■ **Given data**:
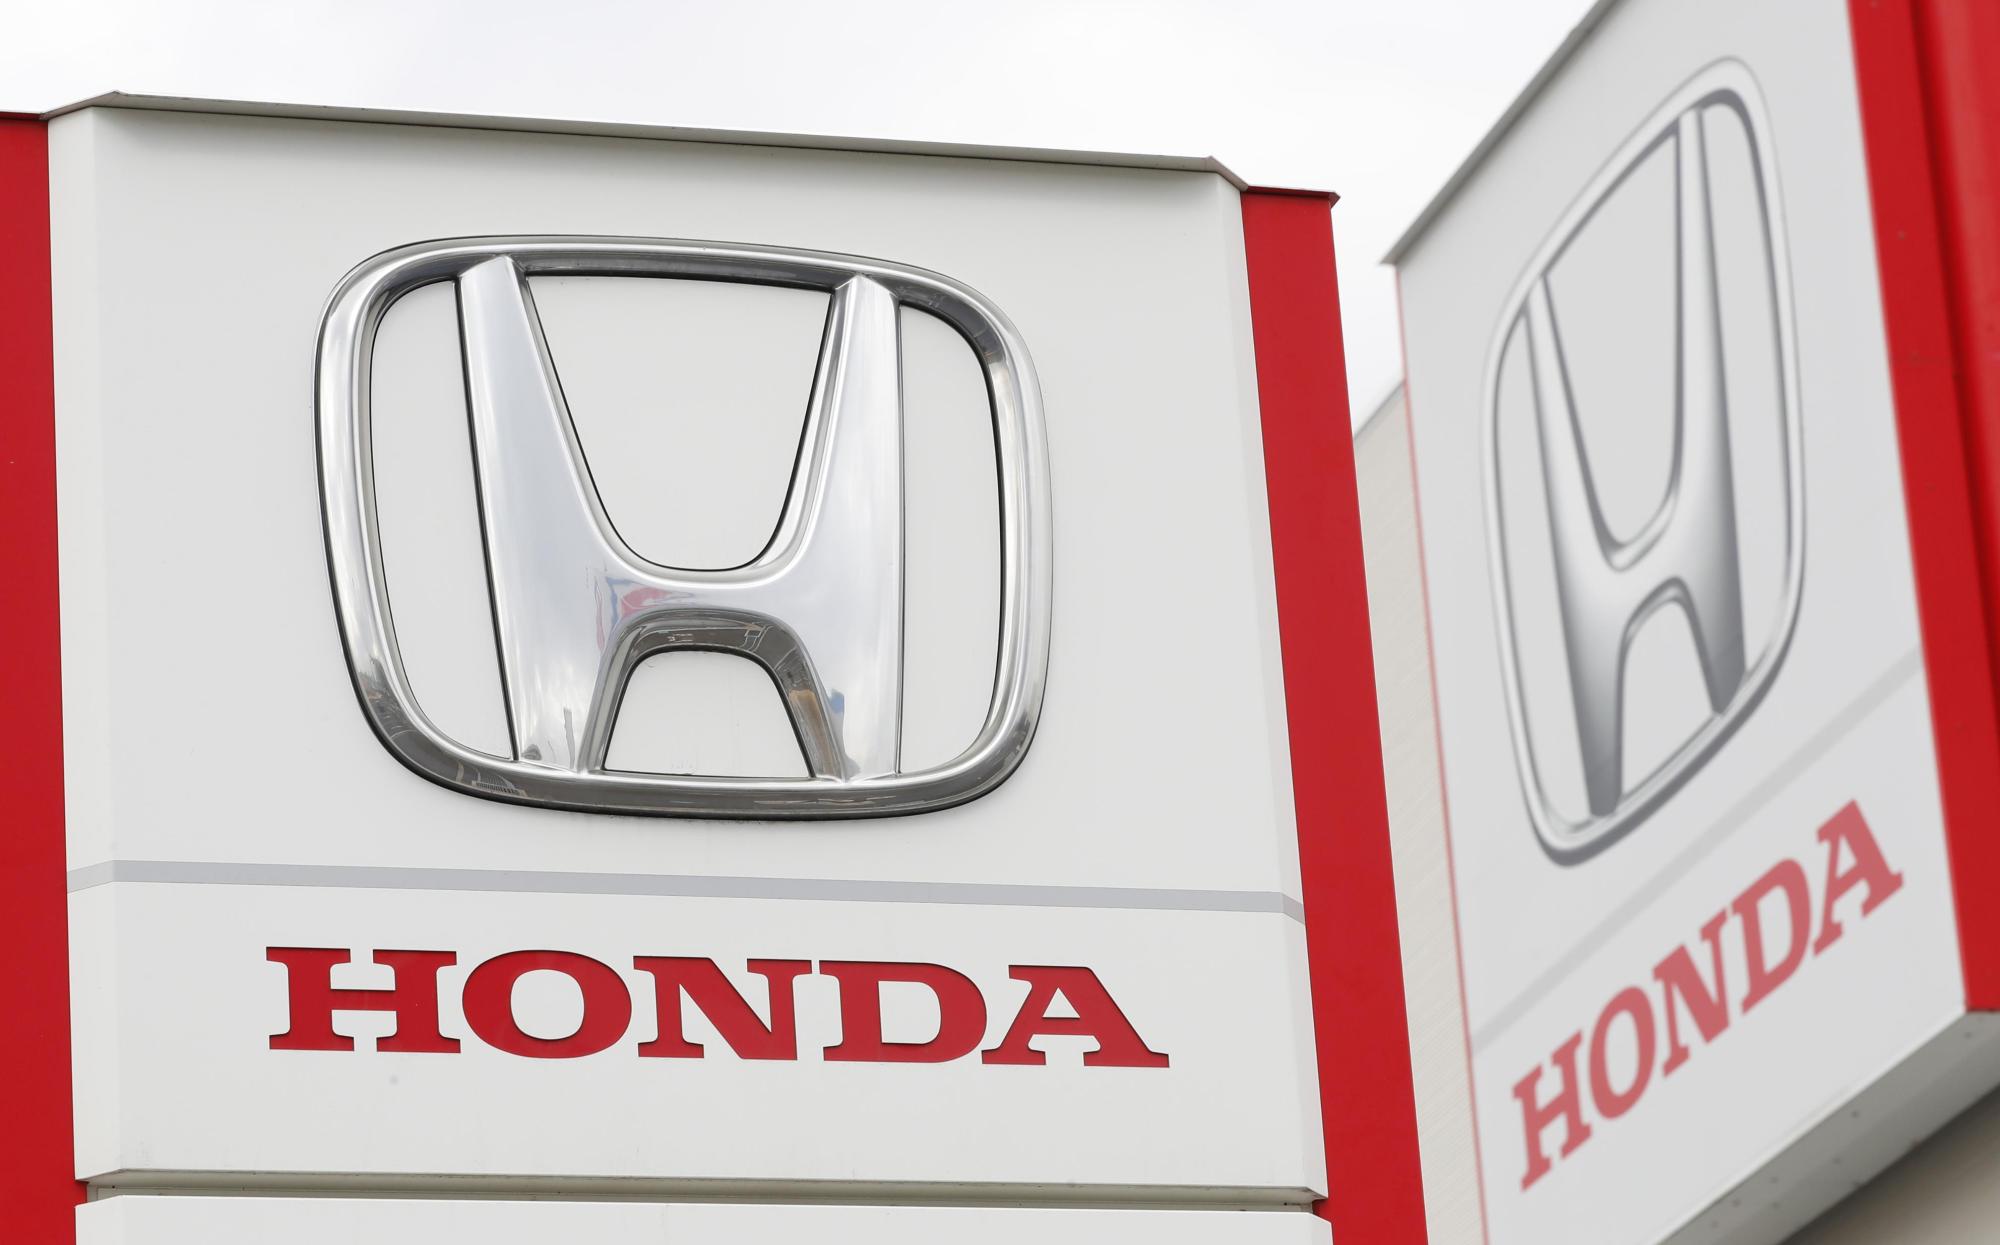 Honda Motor Co. may become Japan's first automaker to launch a vehicle with Level 3 autonomous driving technology this year, sources say. | KYODO
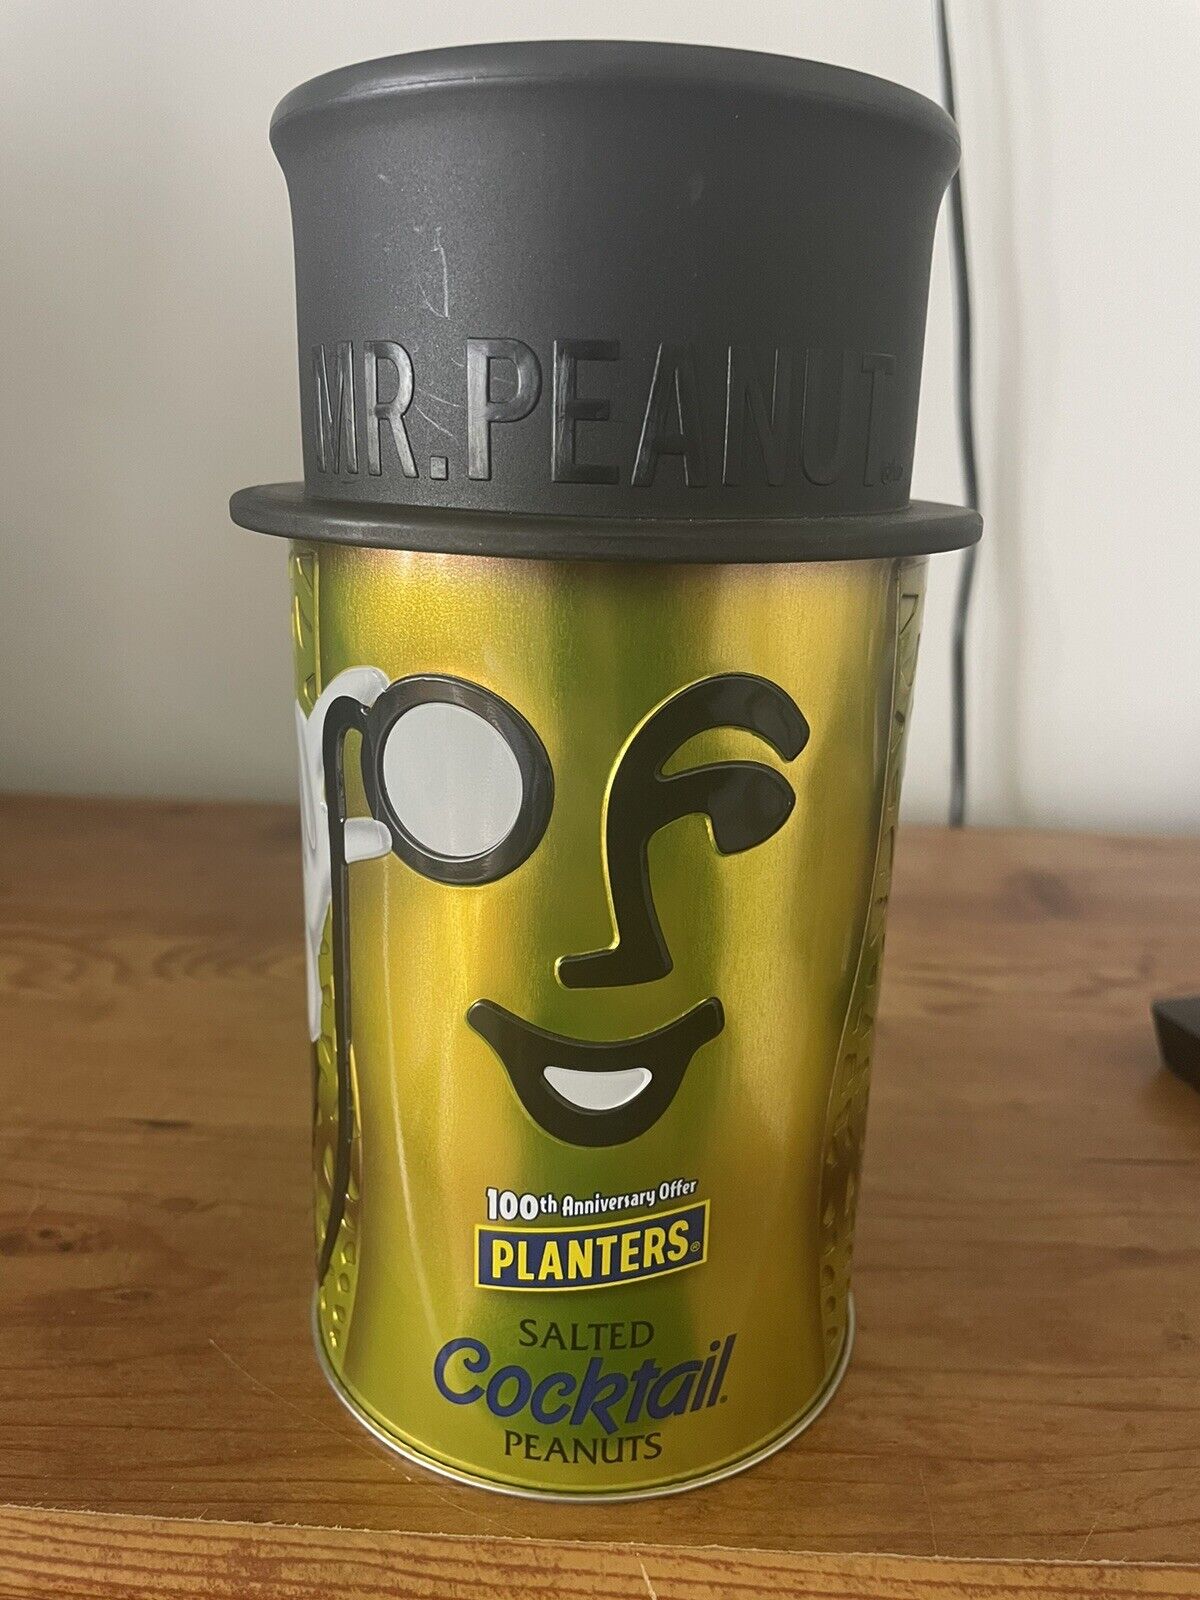 100th Anniversary Offer Planters Salted Cocktail Peanuts Hat And Tin W/peanuts
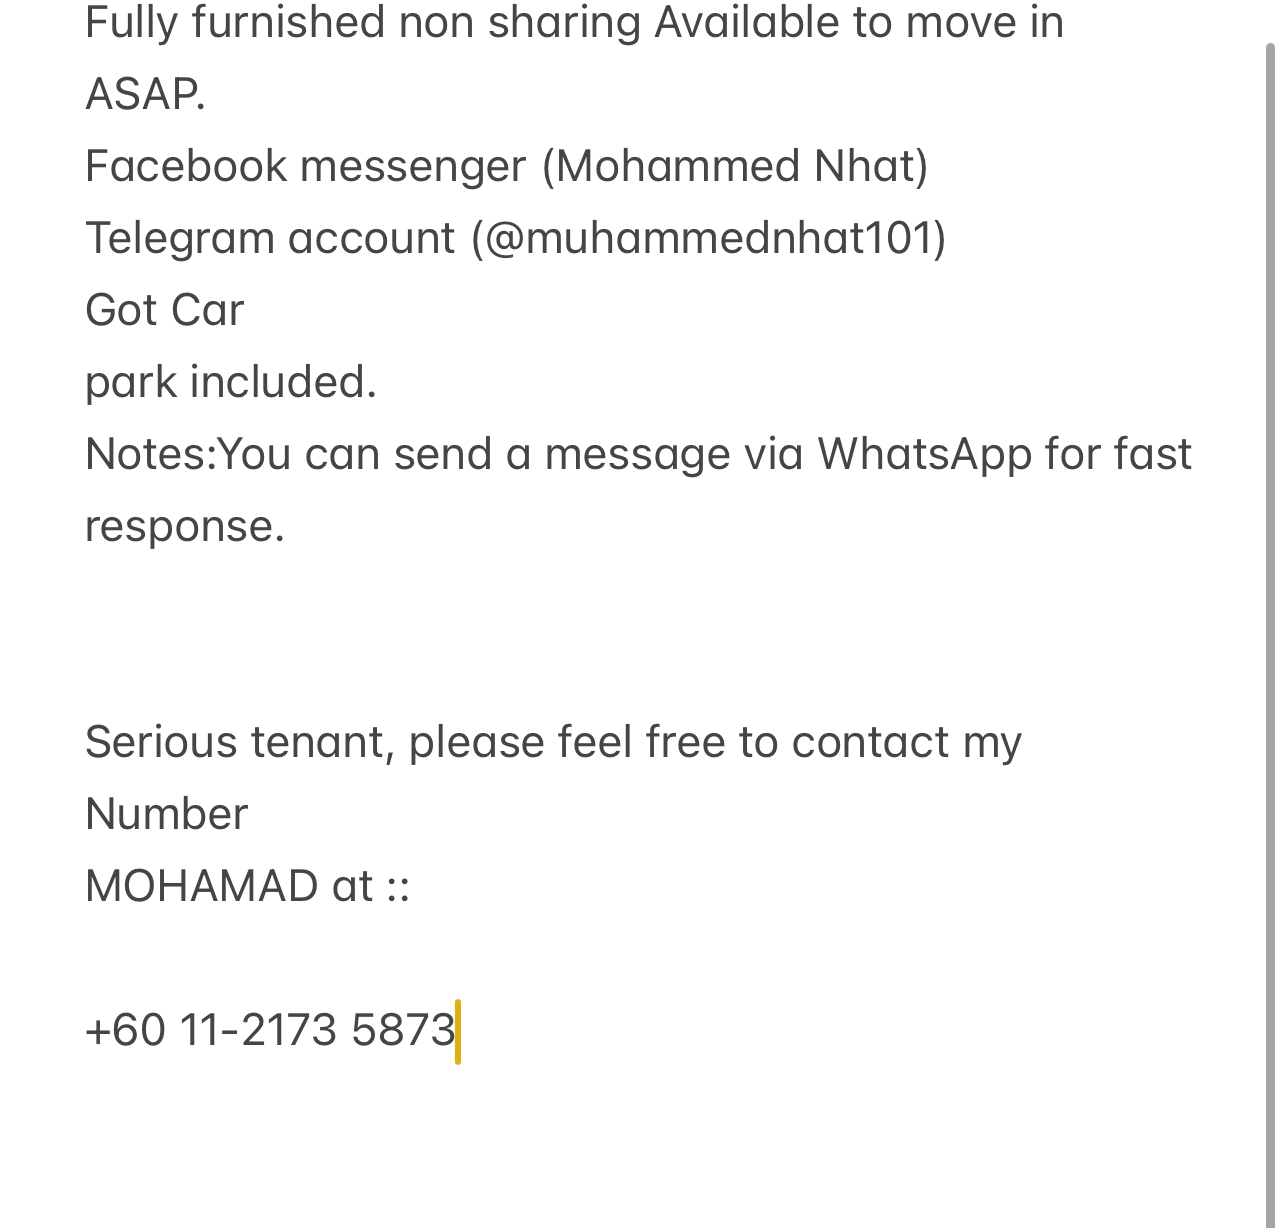 room for rent, studio, jalan boi ing, Send the owner a message on WhatsApp/facebook if you want to RENT the unit facebook (Mohammed Nhat)&Telegram(@muhammednhat101) Fully furnished non sharing :(comfortable)

■ **What to work on**: Could you return the entire listing above verbatim while dropping each picture?

■ **Answer for the task**:
 Honda Motor Co. may become Japan's first automaker to launch a vehicle with Level 3 autonomous driving technology this year, sources say. | KYODO
 100th Anniversary Offer Planters Salted Cocktail Peanuts Hat And Tin W/peanuts
 room for rent, studio, jalan boi ing, Send the owner a message on WhatsApp/facebook if you want to RENT the unit facebook (Mohammed Nhat)&Telegram(@muhammednhat101) Fully furnished non sharing :(comfortable)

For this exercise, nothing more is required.